Reluctantly, Starbuck nodded.

"Then he needs to be able to trust Tigh. He has to have someone, and Boomer's going to be suspect, and Theni's his baby girl..."

"Okay, you win. You want me to smile at him next time we pass in the hall?"

"Gods, no."

"Good."

"And speaking of Boomer—you never answered my question." That was just curiosity, he told himself.

"Which question?"

"Where were you all day?

"Well, after I couldn't find Boomer, I went looking for Cassie, took her for kava and pastry and broke the news—what?"

"Kava and pastry? I should have tried that."

"It never hurts," Starbuck observed.

"So if you show up with food, I should beware?"

Starbuck smiled enigmatically. "I'm not the predictable one... Of course, after last night, neither are you. Not that I mind. So, after Cassie finished psychoanalyzing me, I went back to the barracks and still didn't find Boomer, though I ran into Giles..."

The worm of jealousy raised its head, looked at Starbuck, tried to picture him with the hero-worshipping young ensign, failed utterly, and lay back down again. Apollo was a bit dismayed at how quickly it had reappeared when he dropped his guard against it. He was going to have to work at it. Keeping that piece of window-pane had been a good idea after all. Not entirely new, this reborn Apollo, he admitted.

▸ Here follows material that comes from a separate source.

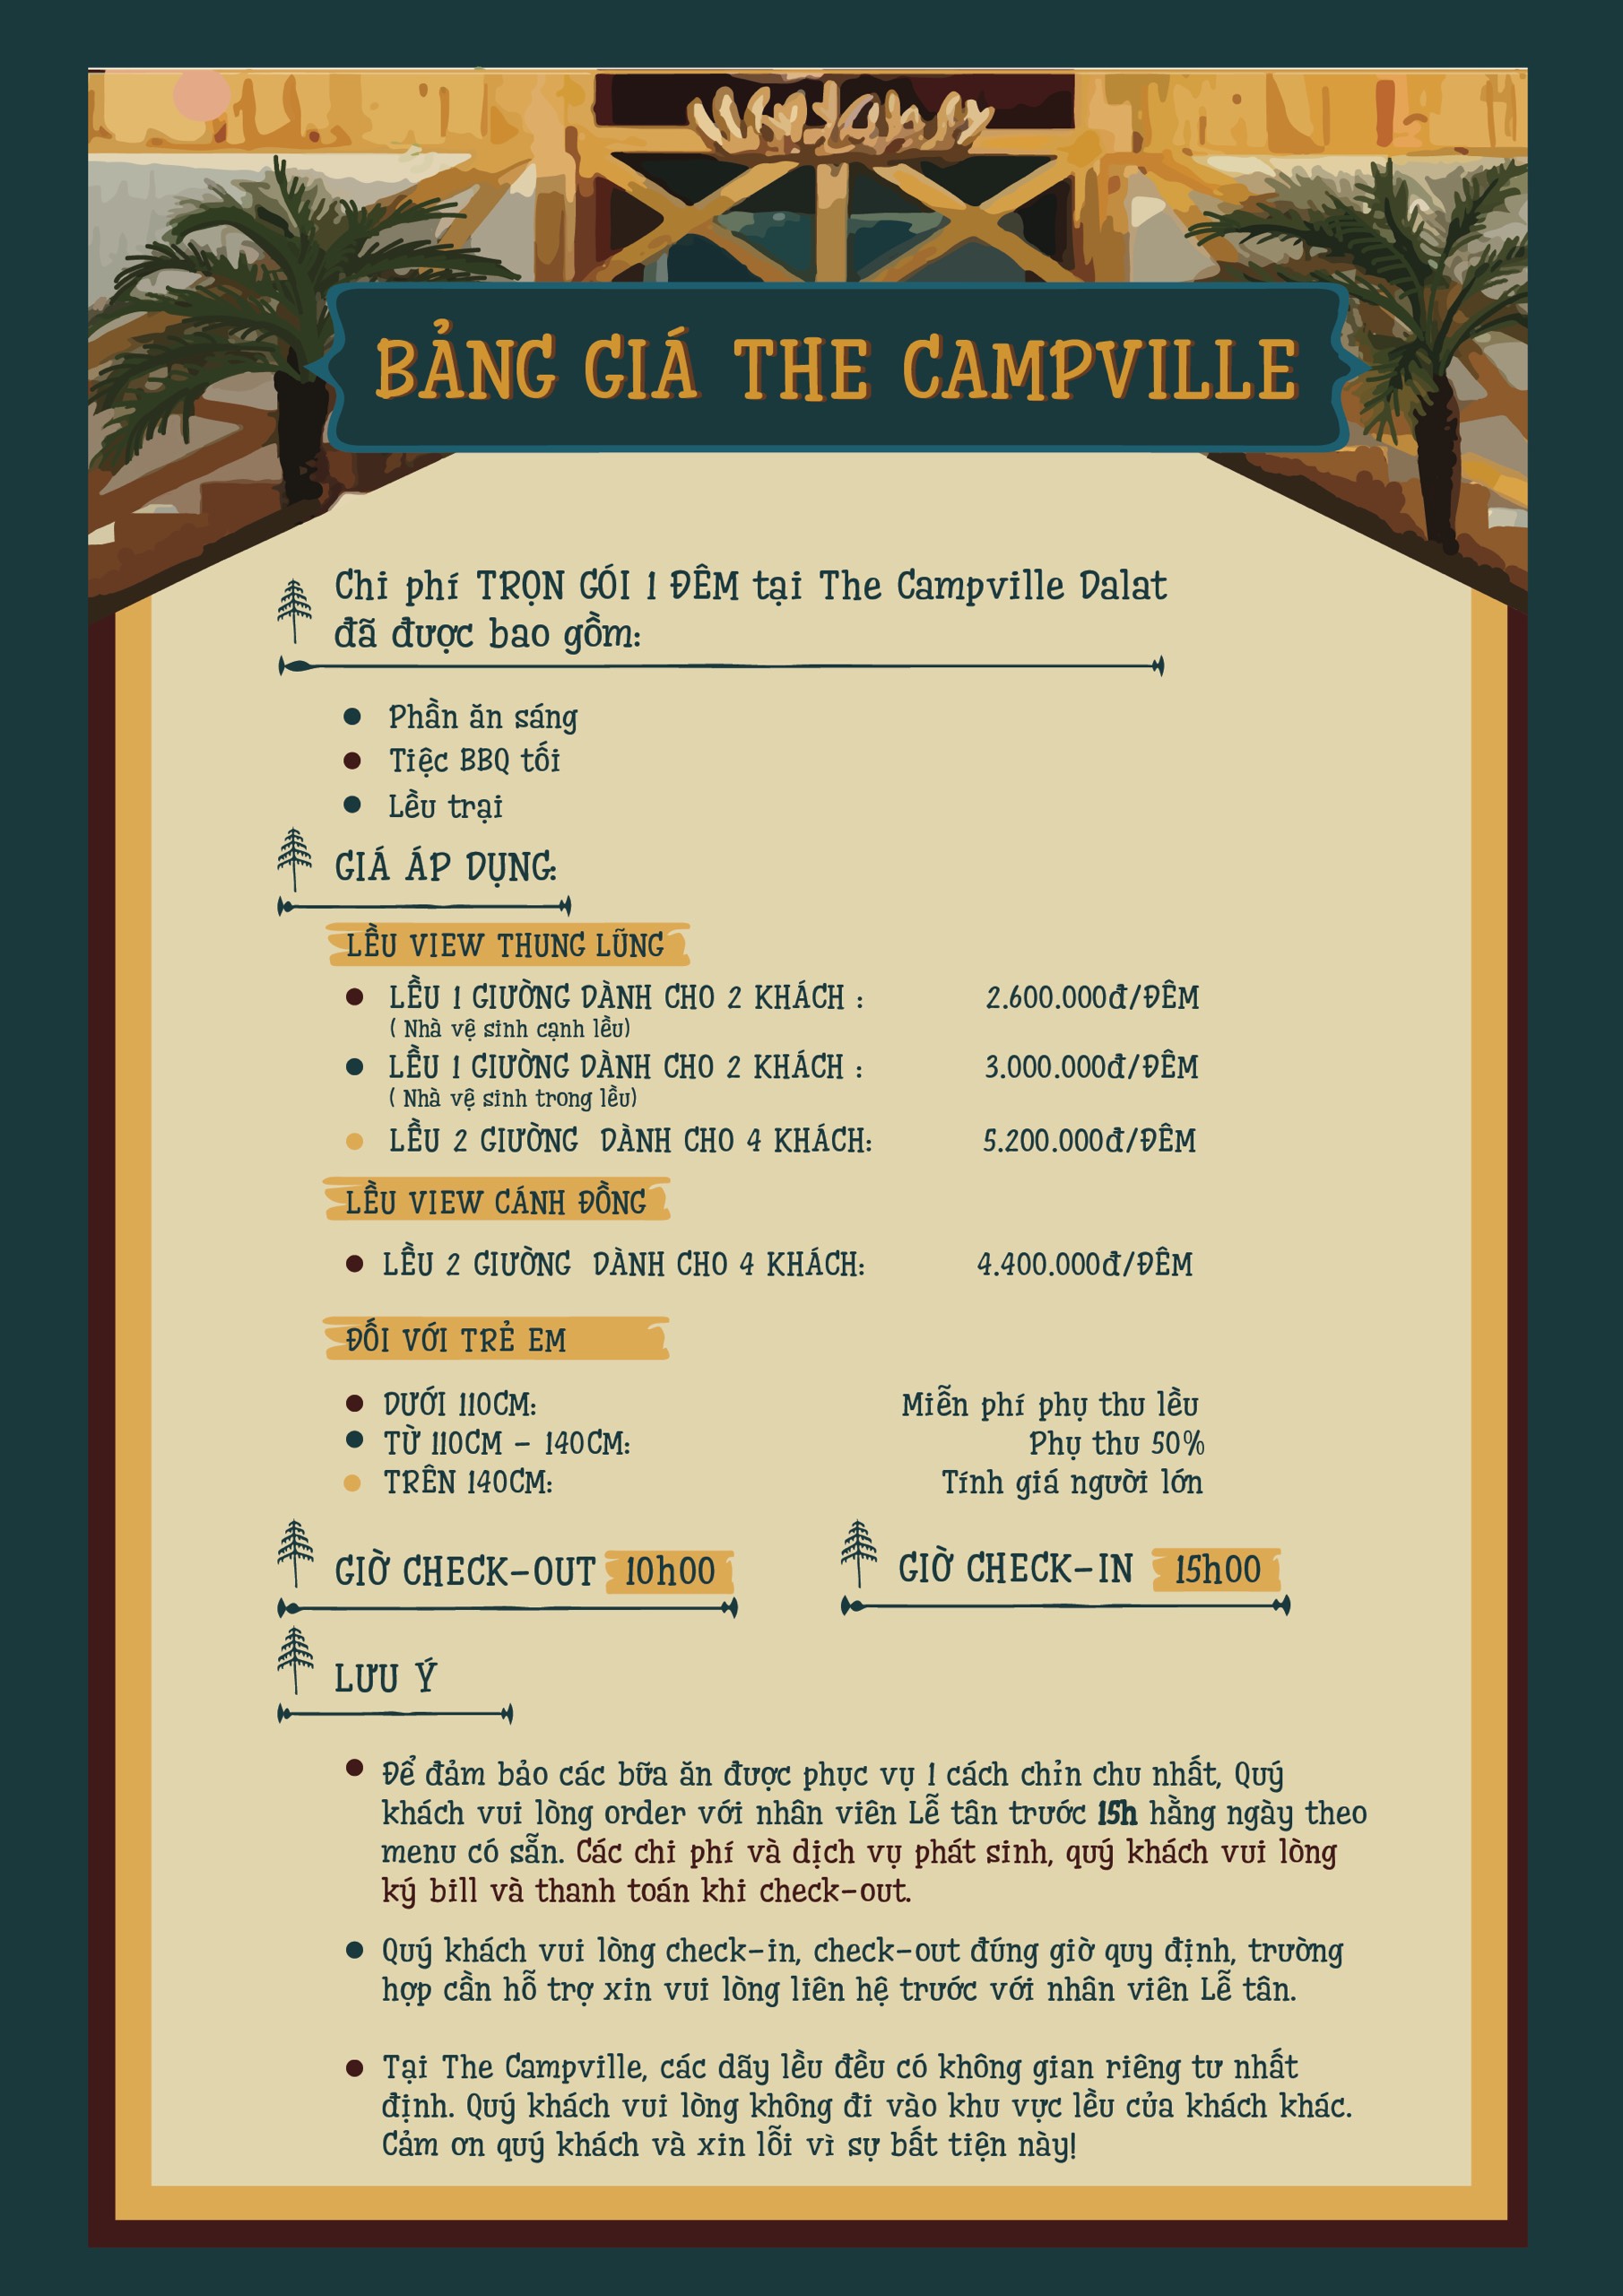 bảng giá the campville dalat
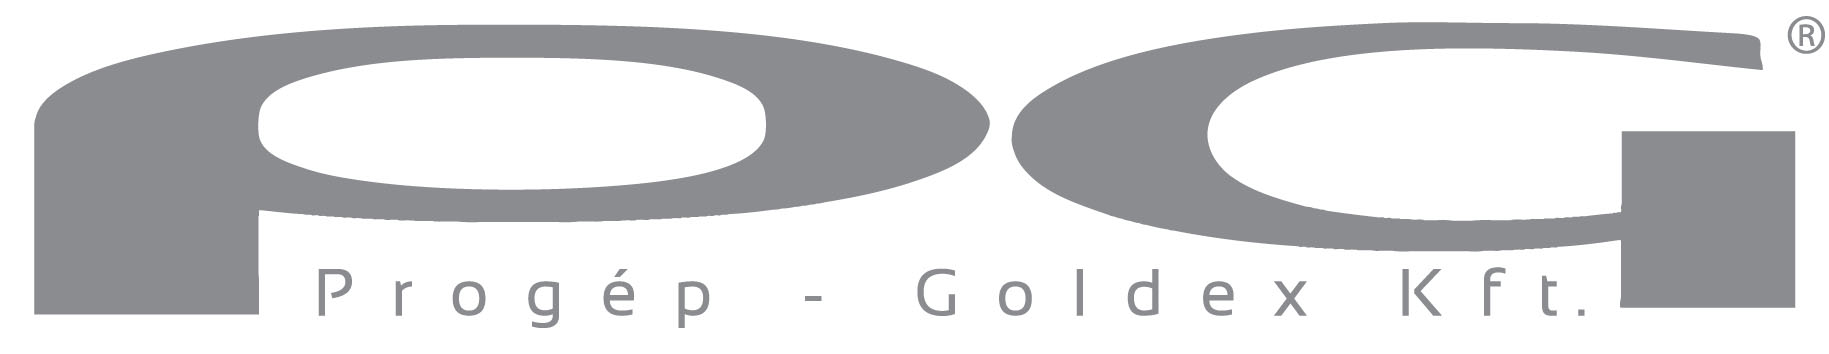 PG logo rgb grey

Starbuck apparently hadn't noticed; his defenses seemed down for good. Scary. "He seemed genuinely unsurprised and offered to help me move. I let him carry the box cluttering up your service room."

"Our service room."

Starbuck flashed a quick smile. "Right. I'll get used to it. Eventually... Then I went looking for the other people I needed to tell. Of course, as the day wore on most of the people I ran into had already heard, so—"

"Most of them?" Apollo asked. He couldn't help it so he tried to keep it light. "Not that I want names—"

"Liar," Starbuck said, but fondly.

"—but how many are we talking about? Rounded to the nearest dozen?"

Starbuck raised himself on one elbow and regarded him seriously. "It's all over," he said gently. "You do know that, don't you?"

Apollo's heart stopped for a minute. When he finally comprehended Starbuck's question, he had the answer he needed in his own panic. "Yes. And I don't need to know anything else. Anything at all."

Starbuck reached for him and pulled him down again, resting Apollo's head on his heart. "To the nearest dozen, none. Five, counting Cassie, and two were mere courtesies after a couple of sectares of not seeing them. Darcy—" an ebony-skinned shuttle pilot Apollo was mildly acquainted with "—offered to help me remember the difference between men and women, but I told her I was pretty sure I had it down. And you'd already told Marta."

Marta. Lucky man. Marta, who lived around the corner, whose son was a yahren younger than Boxey, and who was now dating Jolly. Long platinum hair falling over Starbuck's arm. Flamboyant Marta. Honest Marta. Meaningless goodbye-and-good-luck kiss in finest theatrical fashion...

"I'm sorry," he said. "I'm so sorry."

"I know," though he couldn't possibly know for what. "I forgive you."

"You always do, don't you?" And sometime he'd tell him for what. But not now.

"Always... and it's a good thing, too, don't you think?" He ruffled Apollo's hair with the question.

"Yes. Yes, I do," he raised his head and looked into Starbuck's eyes and kissed him.

After Apollo settled his head back on Starbuck's chest, the blond said, "Okay, now for the tough problem of the day."

"Oh, gods, what could that be?"

"What do we tell Boxey—" He broke off as Apollo swore and grabbed his wrist to look at the time. "Now what?"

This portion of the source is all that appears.